Data shown:
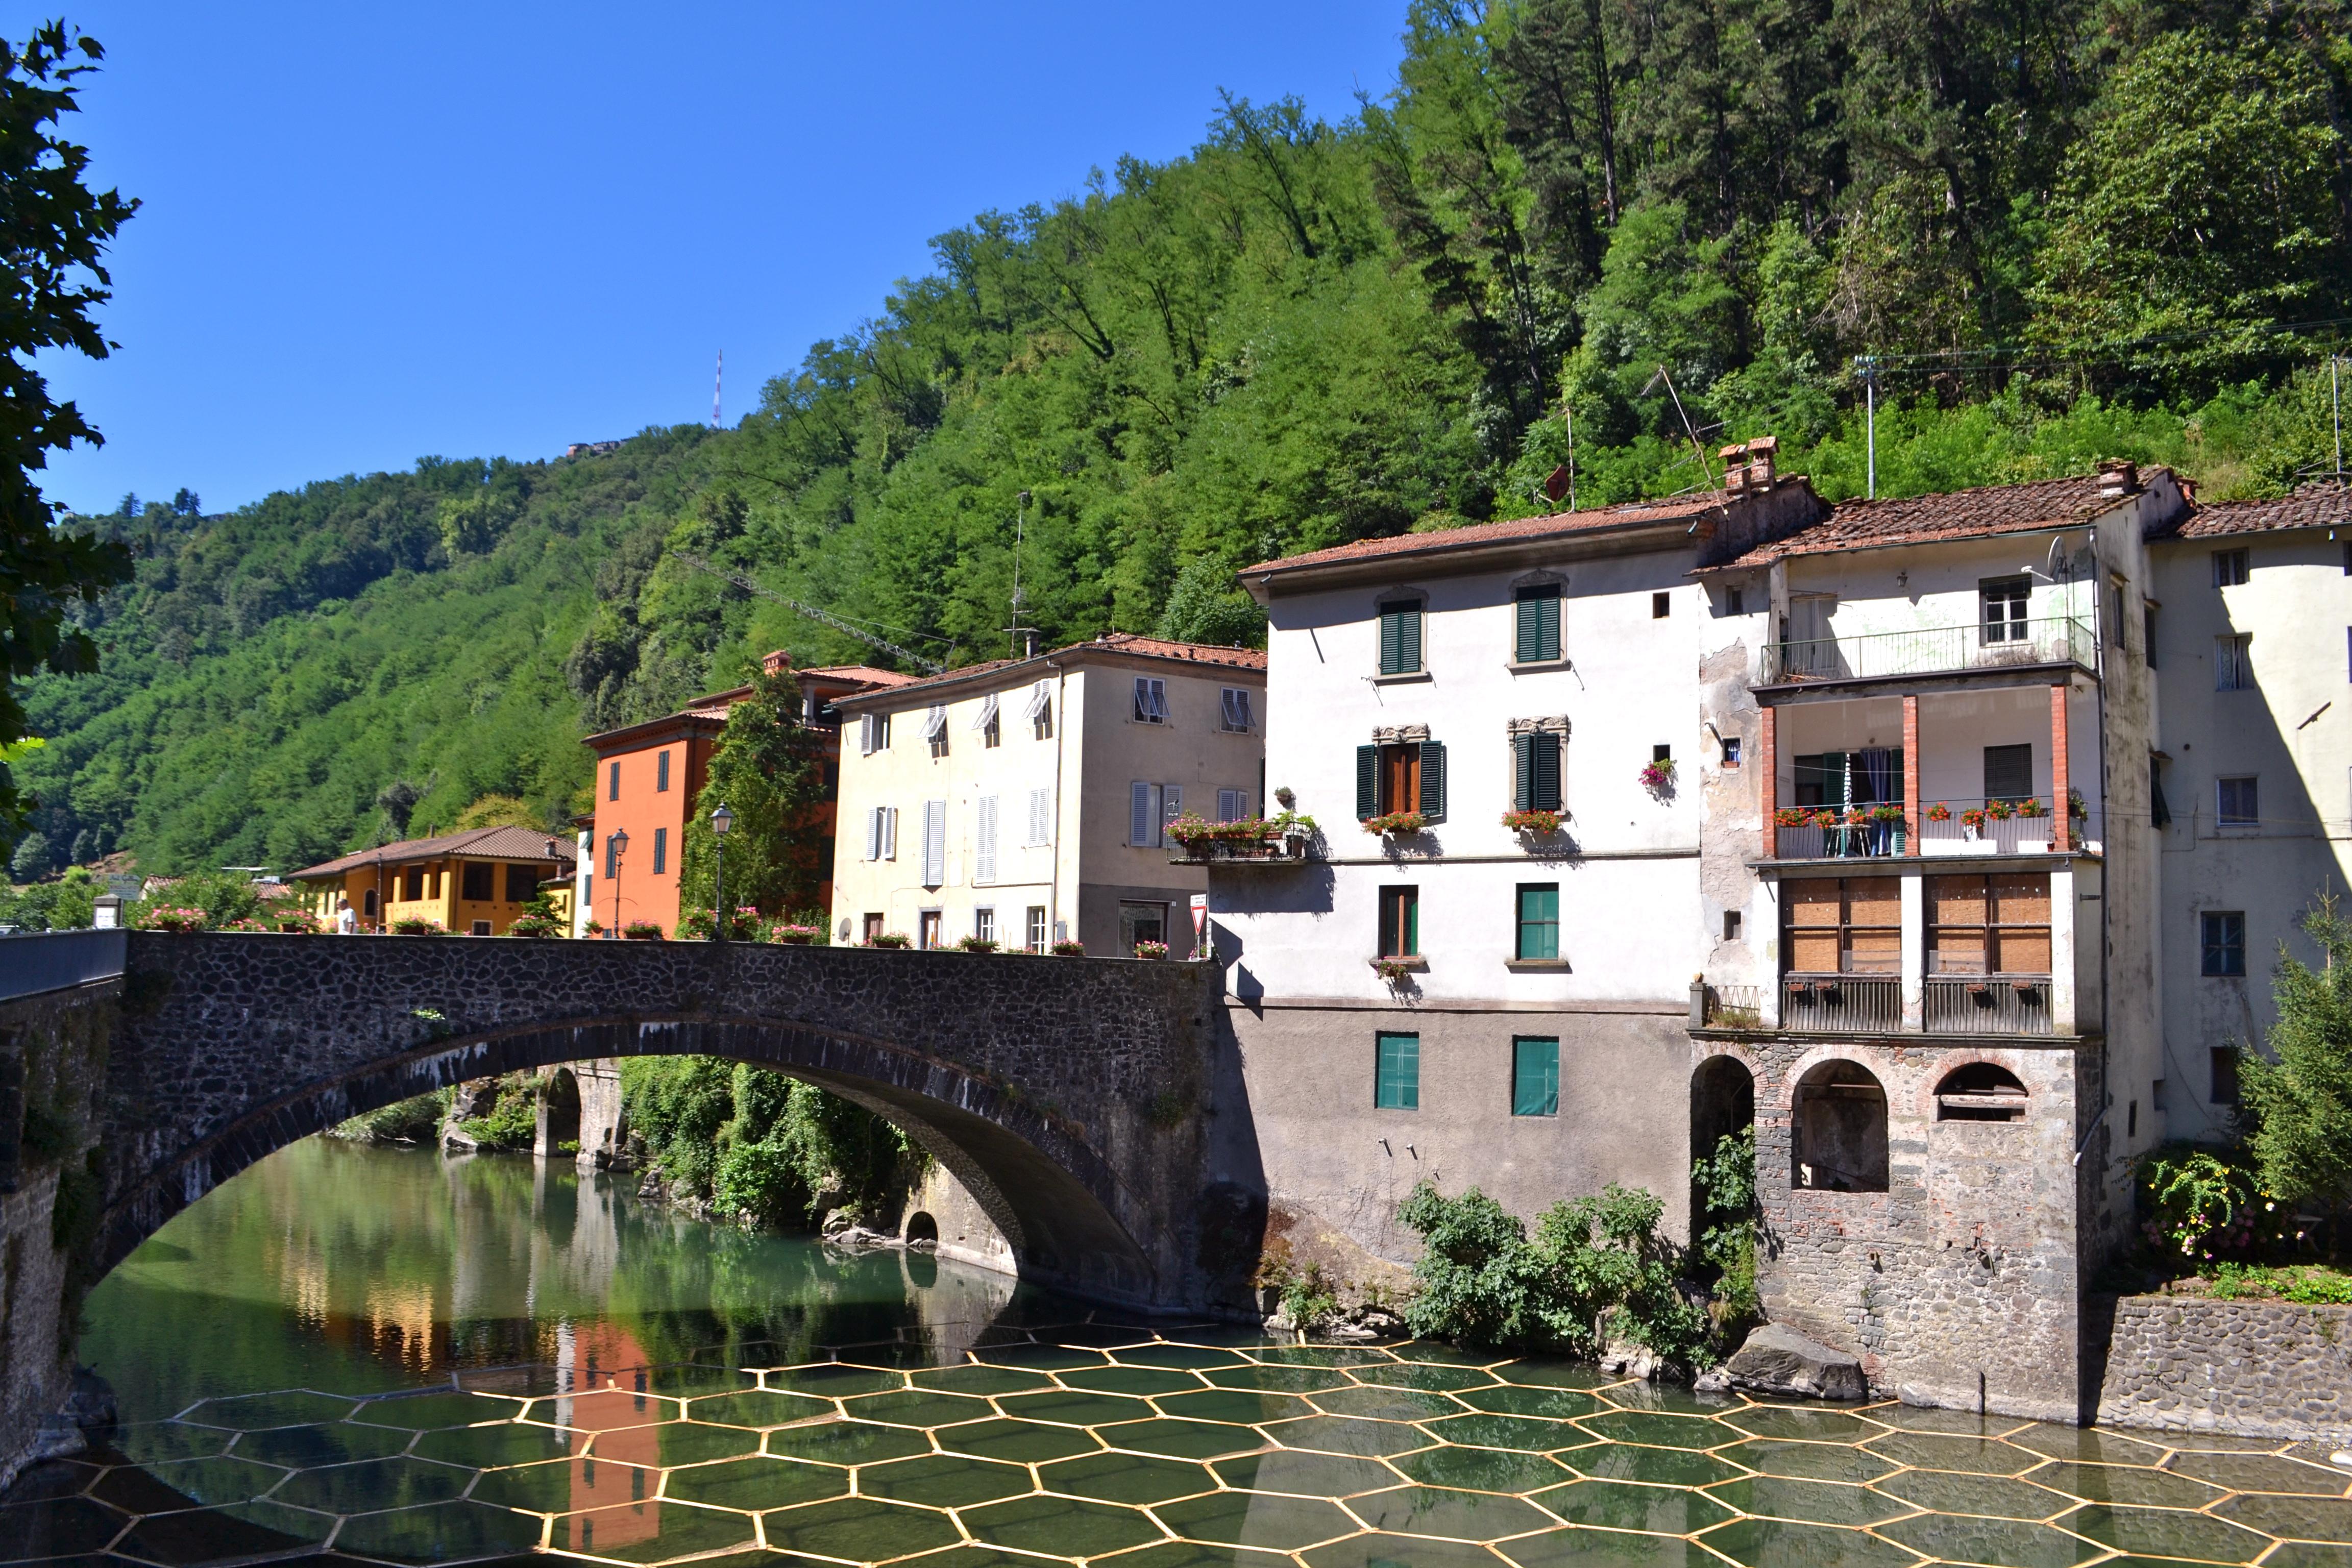 Travel Guide: Lisa eats Bagni Di Lucca and beyond - Lisa Eats World
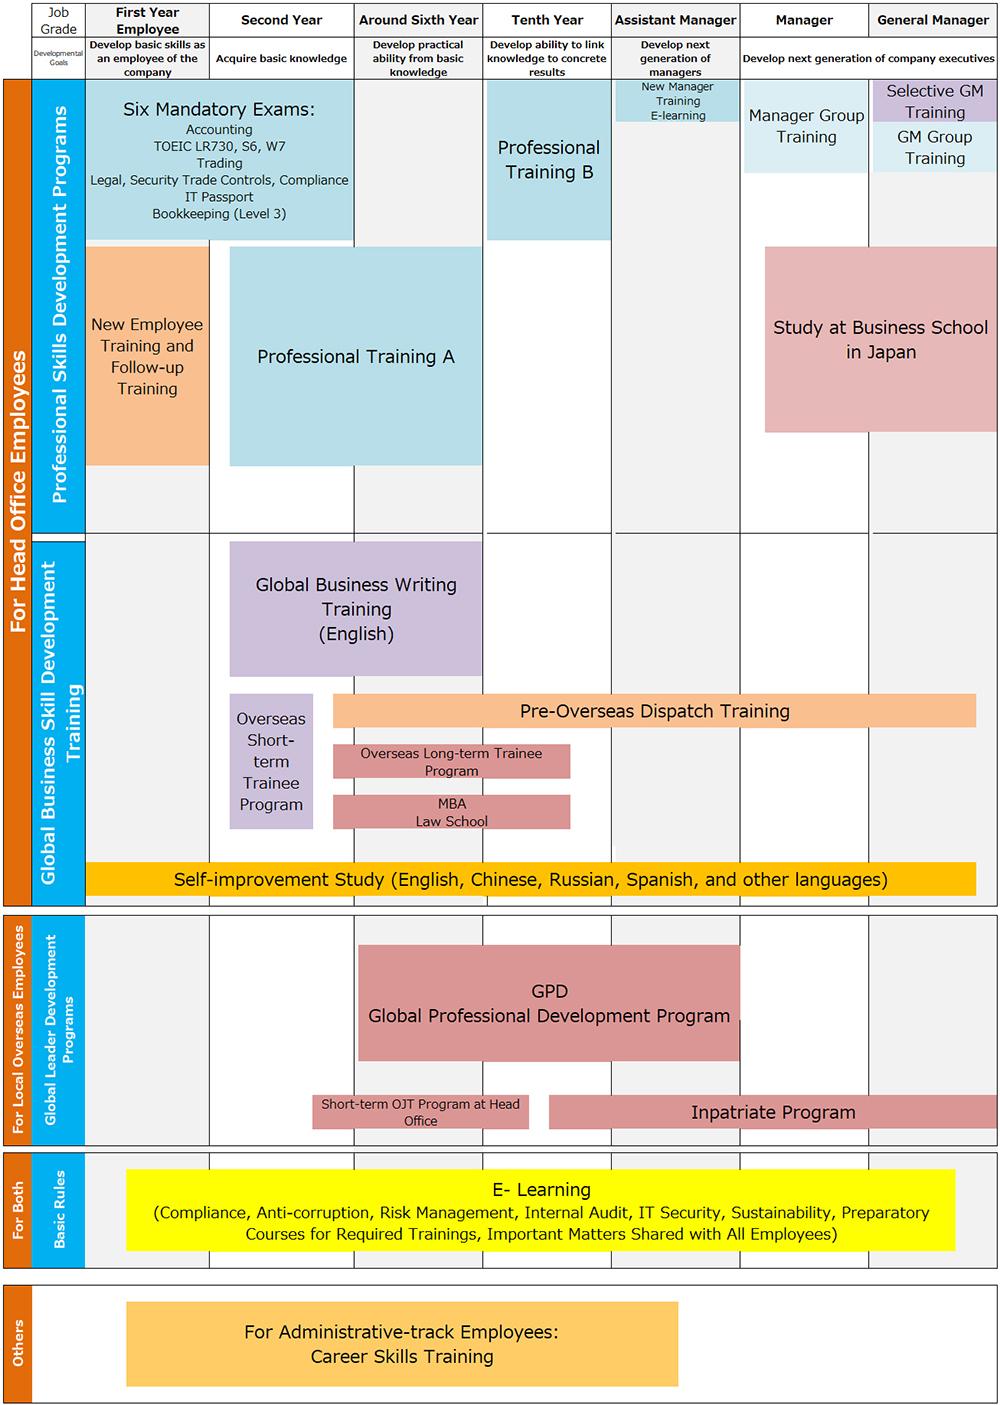 Human Resource Strategy|Human Resources|Sojitz Corporation
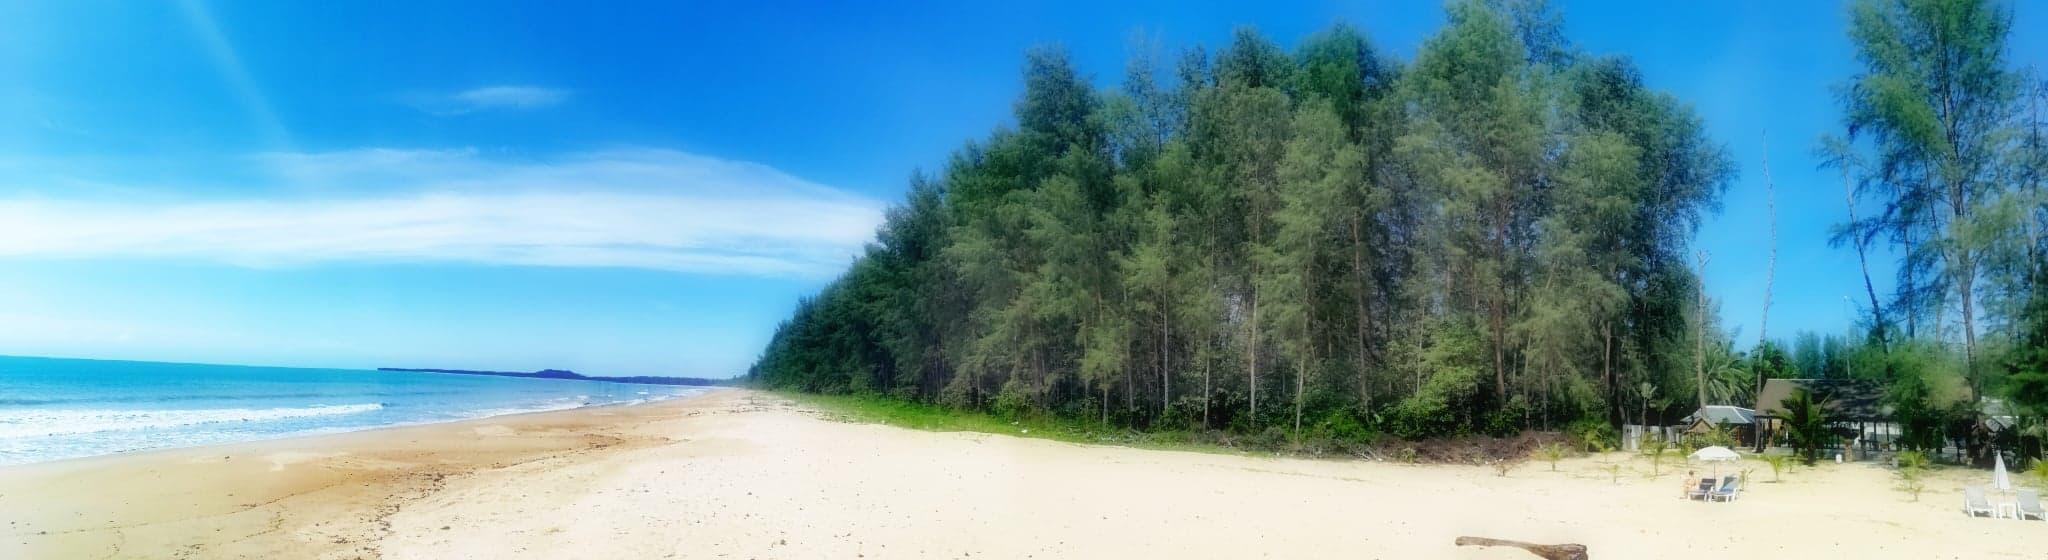 Naturist thailand
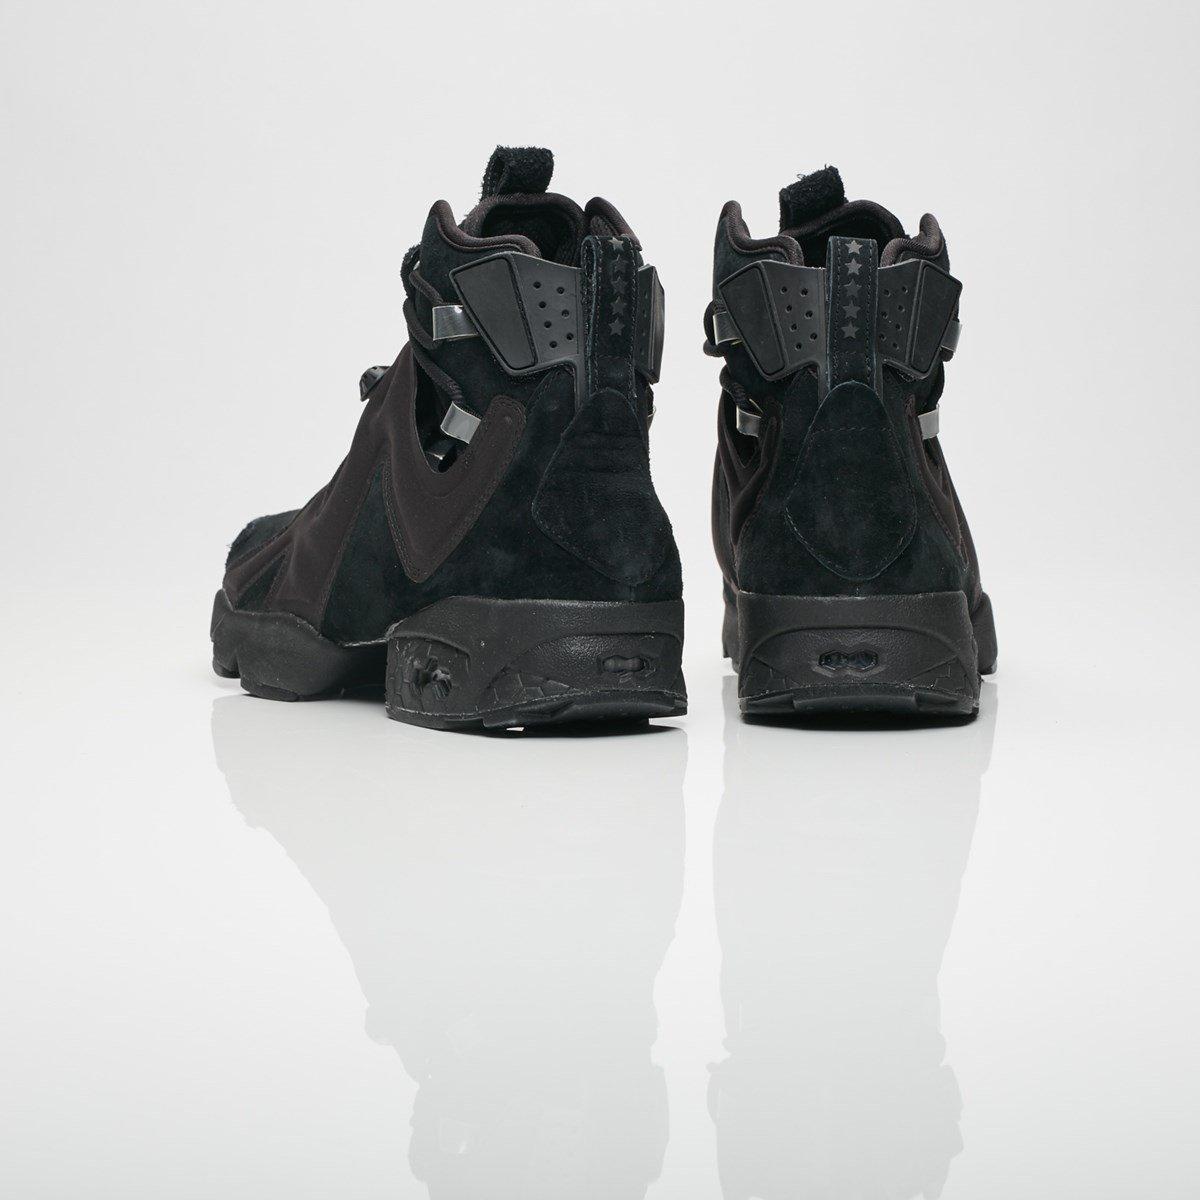 Reebok Pump furikaze-Future-BS7420 Sneaker Shoes Black Limited New

What you should do:
Each line from the one containing "Naturist thailand" through the last line above should be retyped exactly, and no other line. Any picture is to be left out.

Task output:
 Naturist thailand
 Reebok Pump furikaze-Future-BS7420 Sneaker Shoes Black Limited New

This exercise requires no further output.